Michael Pollan and Katherine May - The Future of Hope 4 - On Being with Krista Tippett : https://onbeing.org/programs/michael-pollan-and-katherine-may-the-future-of-hope-4/  EXCELLENT Interview

    “It’s important to note that the kinds of problems psychedelics seem to be effective with, have a lot in common. They’re all at the end of the spectrum where people’s thinking becomes too rigid, too trapped in deep grooves of habit, whether mental habit or behavioral habit, people in these loops they can’t break out of.
    And what the psychedelics seem to do is give a real jolt to the system that gives people the kind of perspective on their lives that can actually break the mental habit
.
    And it needs to be accompanied by lots of therapeutic intervention … these are guided ... People are very carefully prepared in advance, told what to expect, how to deal with difficulties if they come up because frightening things can happen, especially if you’re facing your mortality.
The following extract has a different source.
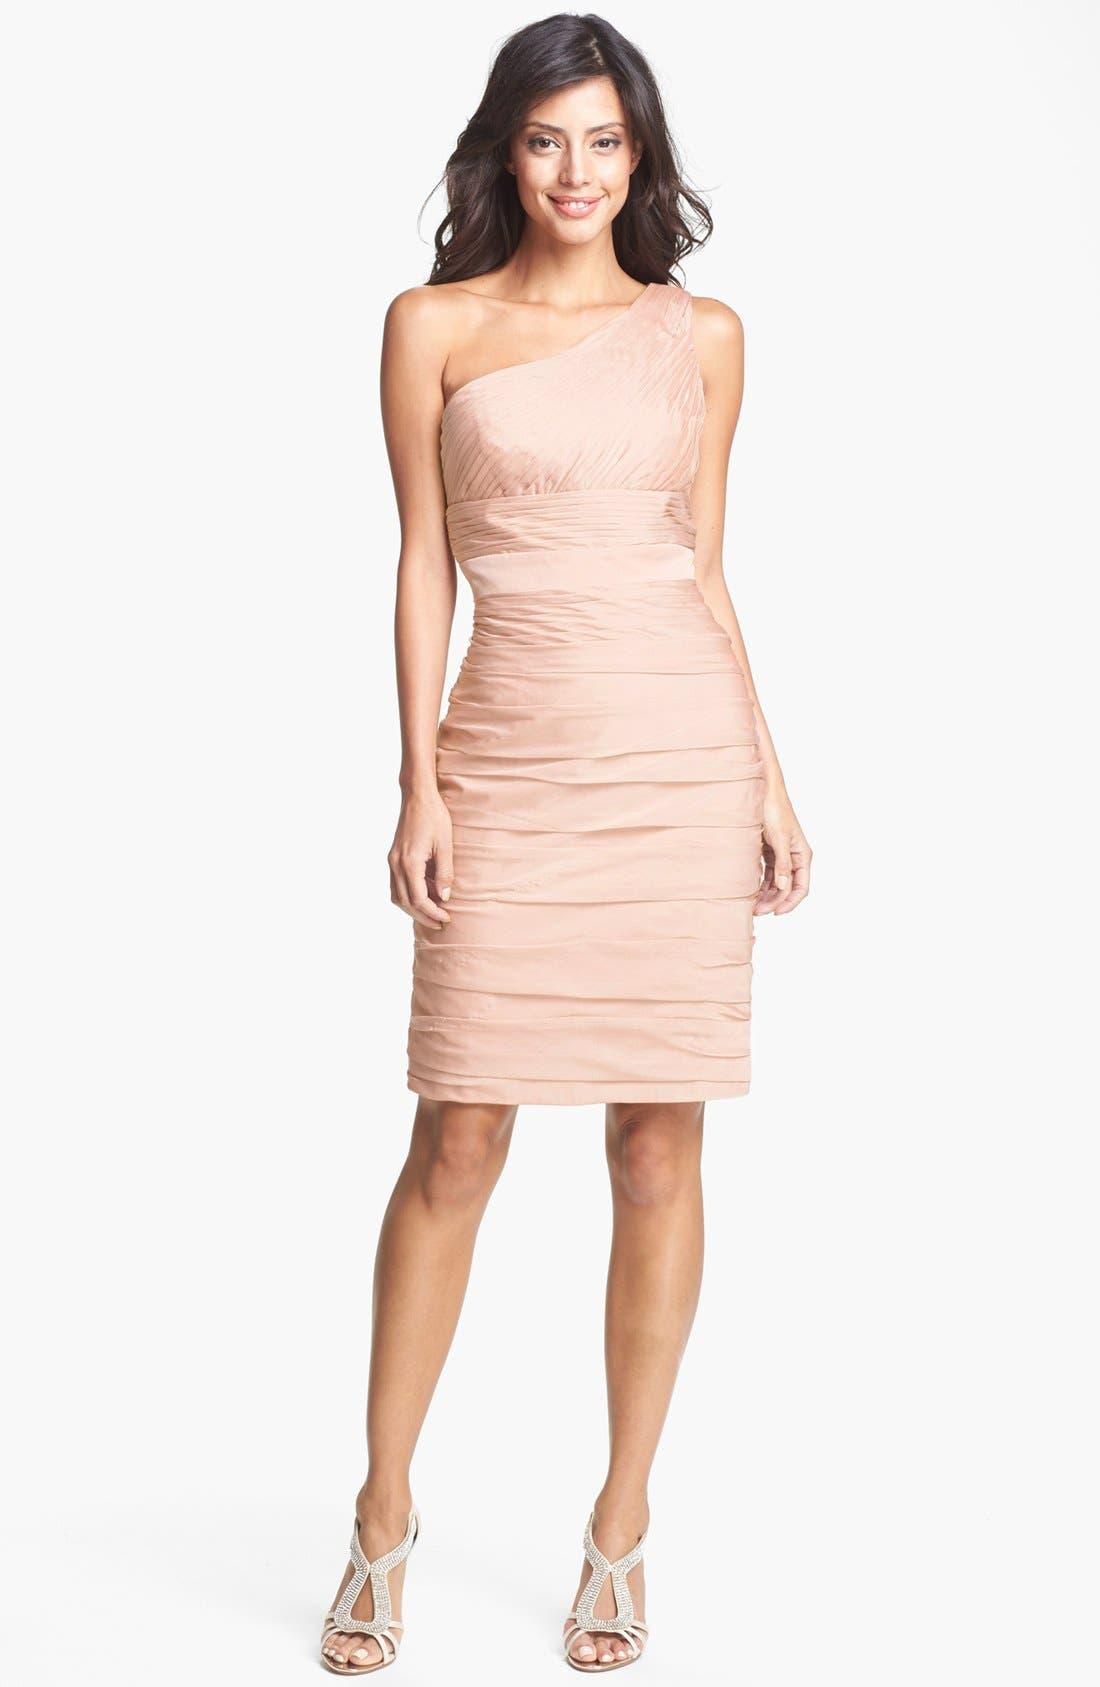 Alternate Image 1 Selected - ML Monique Lhuillier Bridesmaids Ruched One-Shoulder Sheath Dress (Nordstrom Exclusive)

And then during the experience, the guides are with you the whole time. … the idea is to basically give you a sense of safety. So you can surrender to what can be a very disturbing set of mental events. And then after the session, you come back, usually the next day … and you have an integration session where you tell the therapist what you saw, what happened, what you’re puzzled by, and with the therapists, you try to come to some interpretation of what’s happened and figure out how you can take the lessons, the insights, and apply them to the conduct of your life."